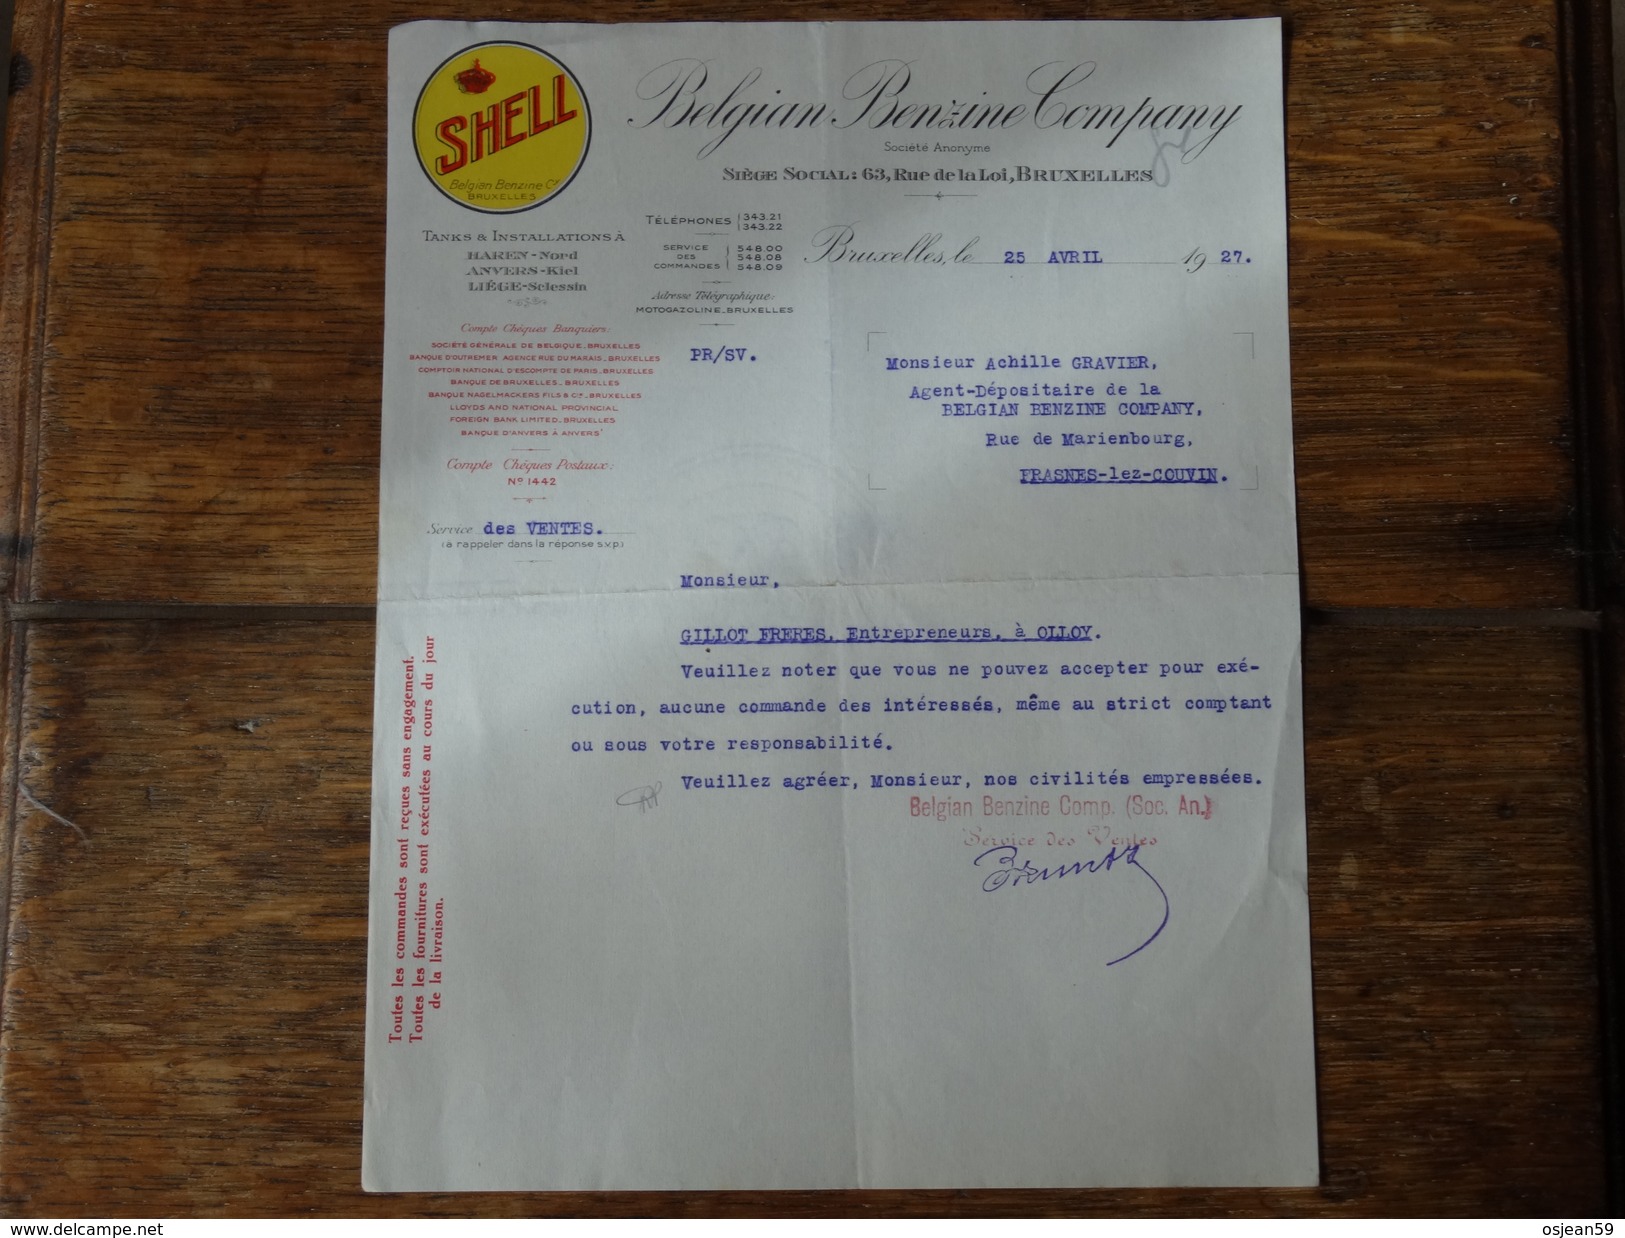 SHELL-Belgian Benzine Company - Courier Du 25 Avril 1927. - Auto's
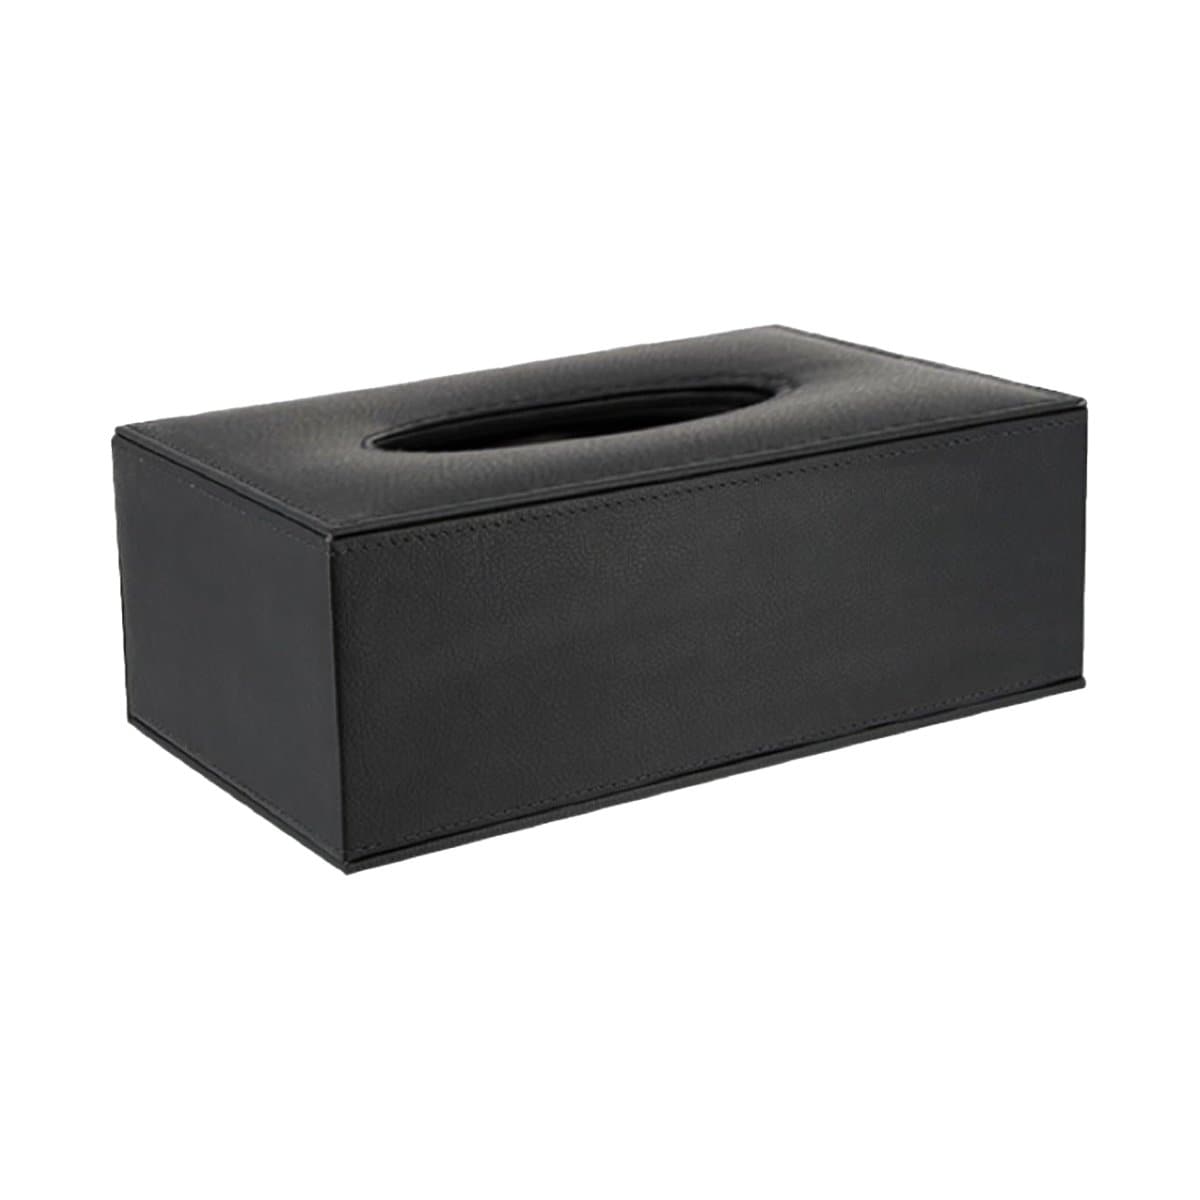 Konrad S. Tissue Box Cover, rectangular 25 x 13 x 8.5cm, PU Leather, Black
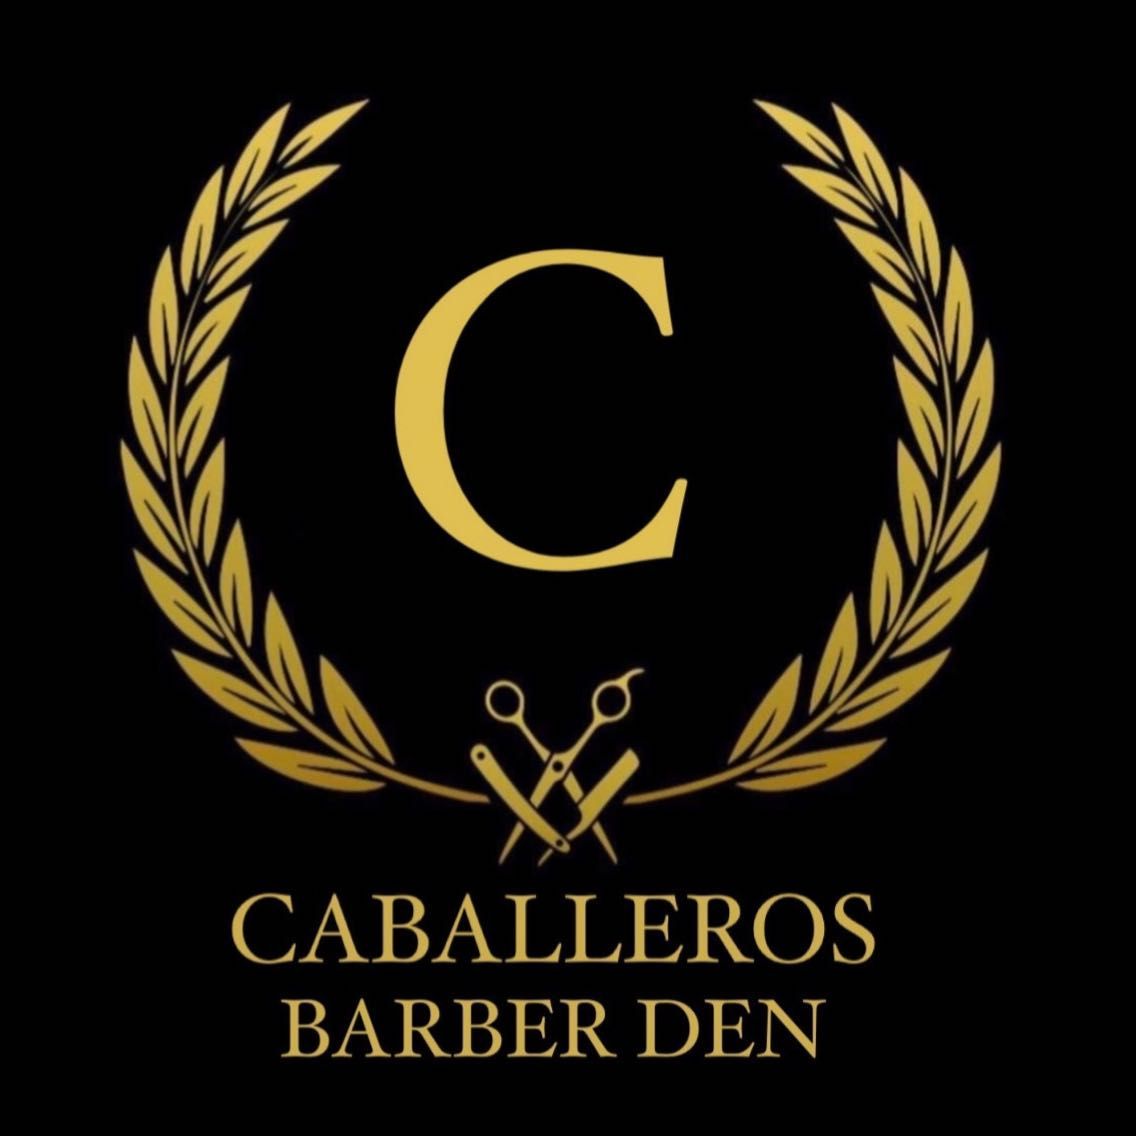 Caballero’s Barber Den, 220 E. Oleander, Suite 4, La Feria, 78559
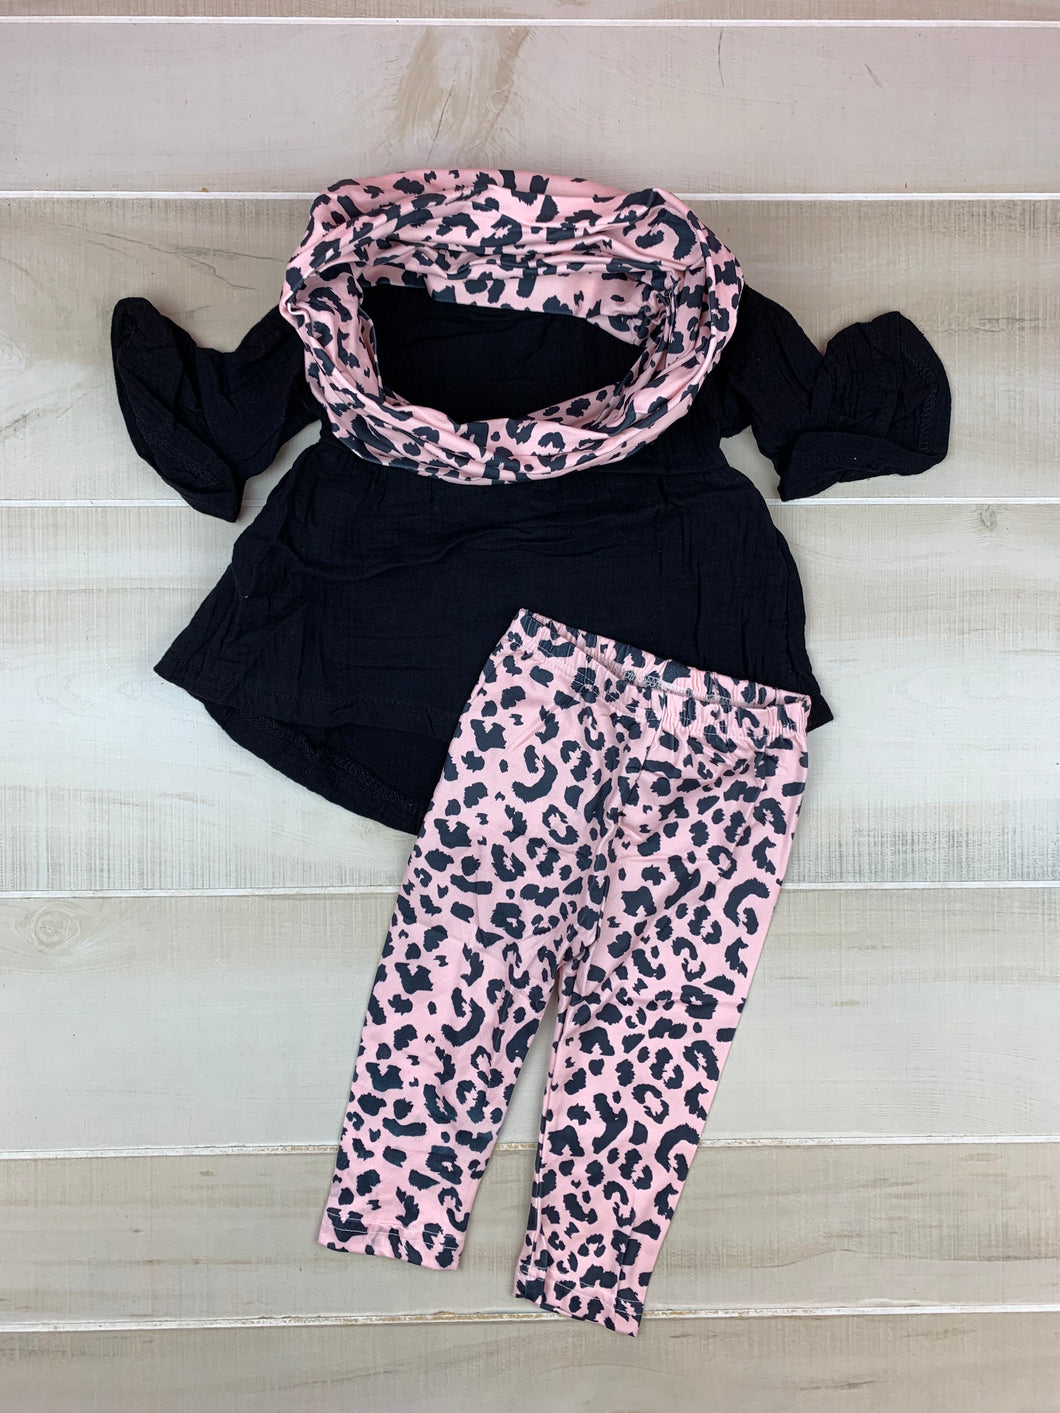 3 Piece black & leopard tunic outfit

EXERCISE REQUIREMENTS:
Every line of the data should be transcribed exactly. Omit the images.

RESULT OF THIS TASK:
 SHELL-Belgian Benzine Company - Courier Du 25 Avril 1927. - Auto's
 Konrad S. Tissue Box Cover, rectangular 25 x 13 x 8.5cm, PU Leather, Black
 Caballero’s Barber Den, 220 E. Oleander, Suite 4, La Feria, 78559
 3 Piece black & leopard tunic outfit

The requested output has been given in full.